Westworld has long delighted in prodding the black-and-white morality of both the Western and the sci-fi parable. And now, between Maeve, Dolores, and William, we’ve finally escaped the white hat, black hat moral system any of its characters have pretended to operate under. We’re all just creatures fighting for survival, and we’ll kill whatever we must to do it — even if it’s our own past.
That’s a lesson Charlotte learns the hard way; after being exposed as a host by Serac, she’s forced to make a break for it, a thrilling sequence featuring quite a few Terminator/Atomic Blonde moments for Thompson, and the long-awaited arrival of Delos’ big boi, the riot control bot she controls with her phone. She almost gets away, packing Charlotte’s husband and child into a car to drive away from this place, when BOOM! An Incite-planted car bomb takes everyone out, save a fully-burnt Charlotte with fire on her back and – now – in her eyes.
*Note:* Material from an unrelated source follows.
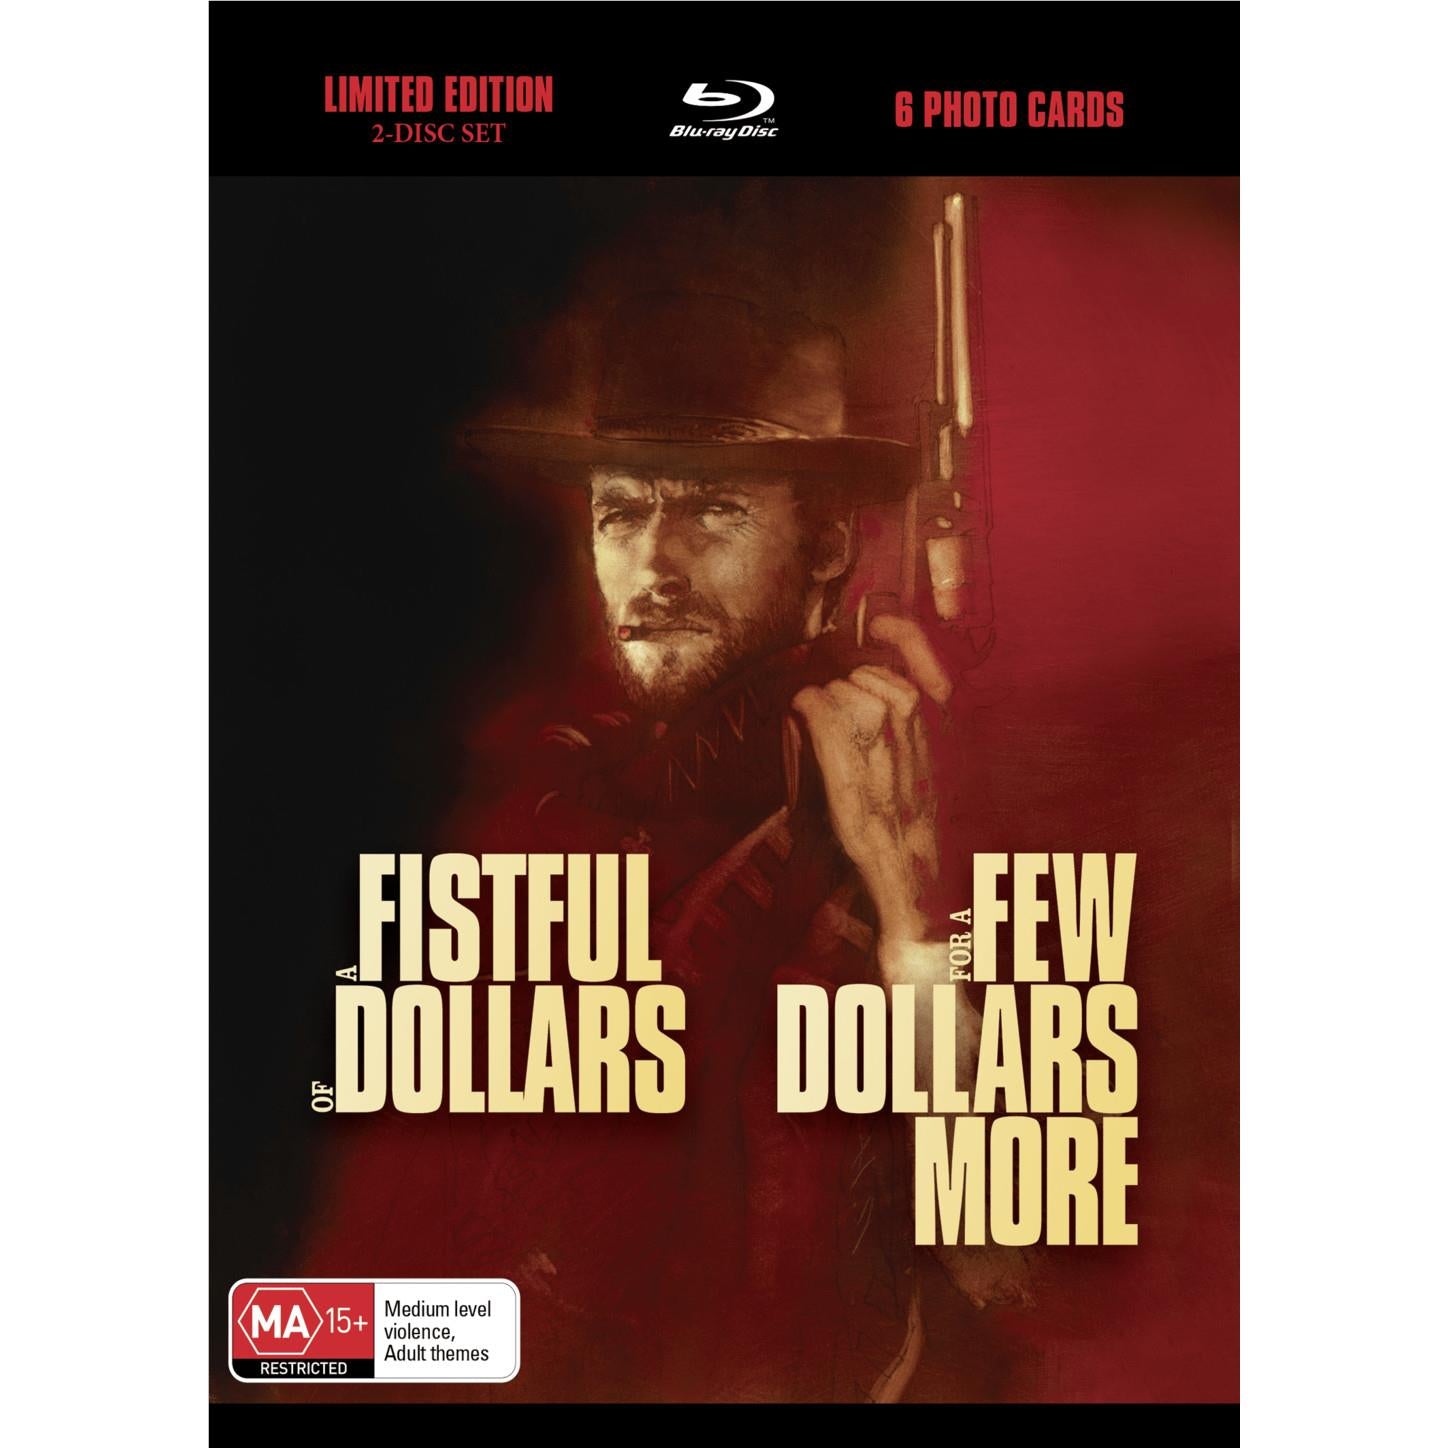 fistful of dollars, a / for a few dollars more - limited edition

As Westworld hurdles towards its inevitable conclusion, everyone’s hurt, pissed, and ready to risk it all.
Random observations:
- Let’s not forget Bernard (Jeffrey Wright) and Stubbs (Luke Hemsworth), who bust William out of the facility at the end of the episode. It’ll be interesting to see how the three of them play into the end of this little fable — arguably the two purest souls on the show sharing a fate with the most rotted, calcified character that remains.
- The little background details of a post-Incite world are haunting and fascinating — William’s therapist bursting into tears and hanging herself, bodies casually falling from buildings behind Charlotte. And was that a picture of the host mind map being graffittied on a wall?
- The shot of Incite goons torching the Westworld hosts feels like a true button on that part of the show’s history; the park is truly, irrevocably gone from the show’s DNA.
- Speaking of erasure, the Delos logo flickering out of the building’s monitors to be replaced by Incite is another chilling end of an era.
- The little “shit” Harris grumbles out upon seeing his William-filled group therapy session is just delightful.
- Serac realizes Charlotte is the host/mole after realizing that the real Charlotte would never check in on her family during a corporate crisis. It’s fitting that Dolores-Charlotte’s undoing is that she ended up being kinder to her family than the selfish person she’s imitating.
- I LOVE YOU RIOT CONTROL BOT. BE FREE. KILL HOOMANS.